When we bought that house, I remembered thinking, “I finally have a home big enough to host family gatherings,” yet that was rare. As we walked through,, I remembered sitting on the porch swing with my then husband, and as we revelled in our new purchase, he said to me, “we finally made it.” As I peeked through the blinds, I remembered that day. I also remembered sitting on that porch swing with him as we worked through the details of our divorce. In retrospect, it was necessary and I don’t regret it. But, divorce was never my intent.

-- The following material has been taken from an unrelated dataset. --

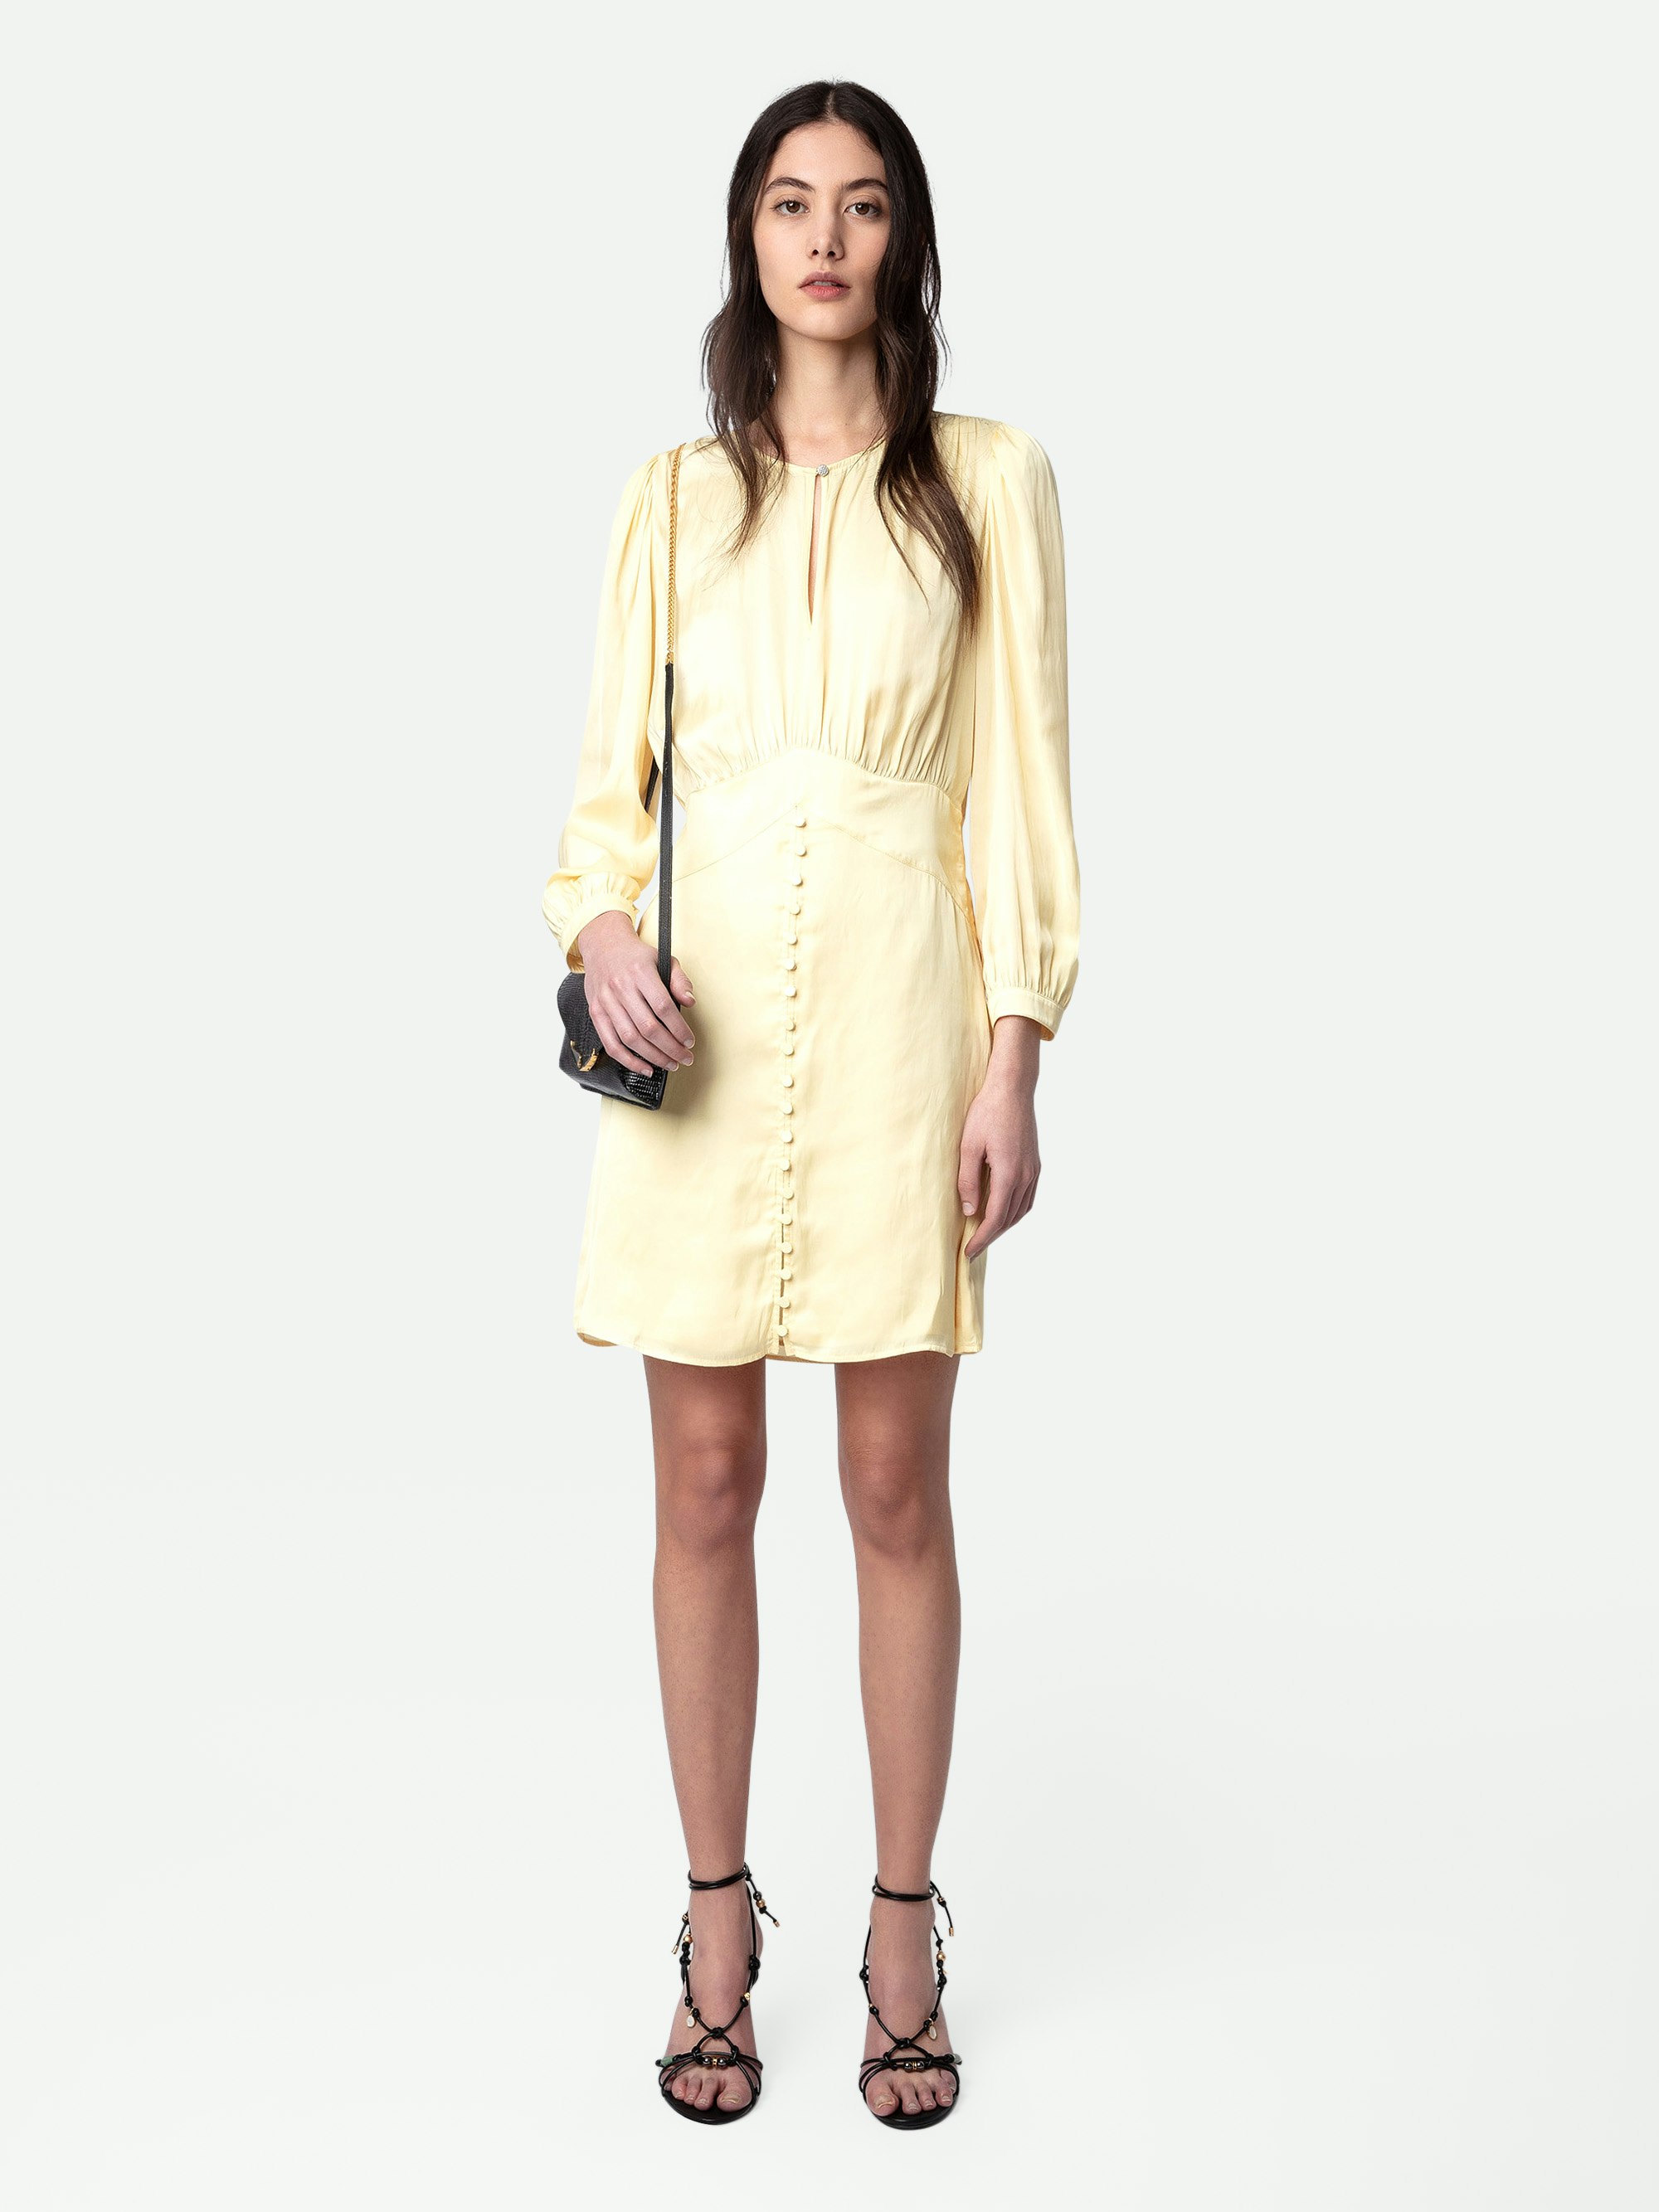 Vestido de Satén Rhodri - Vestido corto abotonado de satén en color amarillo claro con mangas 3/4.

That was the house I wanted to raise my family in. The notches on the wall indicate that. Permanency. I remember daydreaming of holding a granddaughter around the belly, and as I point up, we marvel at how tall her mother – my daughter – once was at her age.

As I traced my fingers down that column of notches next to the door jam, remembering how tall my daughter was/is, I was saddened by the thought of how seldom I see her. We don’t talk nearly enough, and I miss her every day.

For nearly a decade, it was just the two of us. Then I met him and it was three. Then Fletch arrived and it was four.

Now, I see my daughter once a year when I visit “the best coast” and I pretty much only see my son on the weekends, because, for our arrangement, I chose to spend my waking – not working – hours with him.

There was nothing more in life I wanted more than to be a wife and mother. And, somehow, staring at those notches on the wall turned from mementos of growth to reminders of how I sabotaged all that.

I teared up a bit thinking about it and how I’ve moved five times in two years. I’m a terrible mother, I thought. That’s when he looked at me and said, “It’s okay.”

“I’m sorry,” I responded simply. “You deserve better. You deserve a home.”

“So do you. But, I’m home whenever we are together,” he said.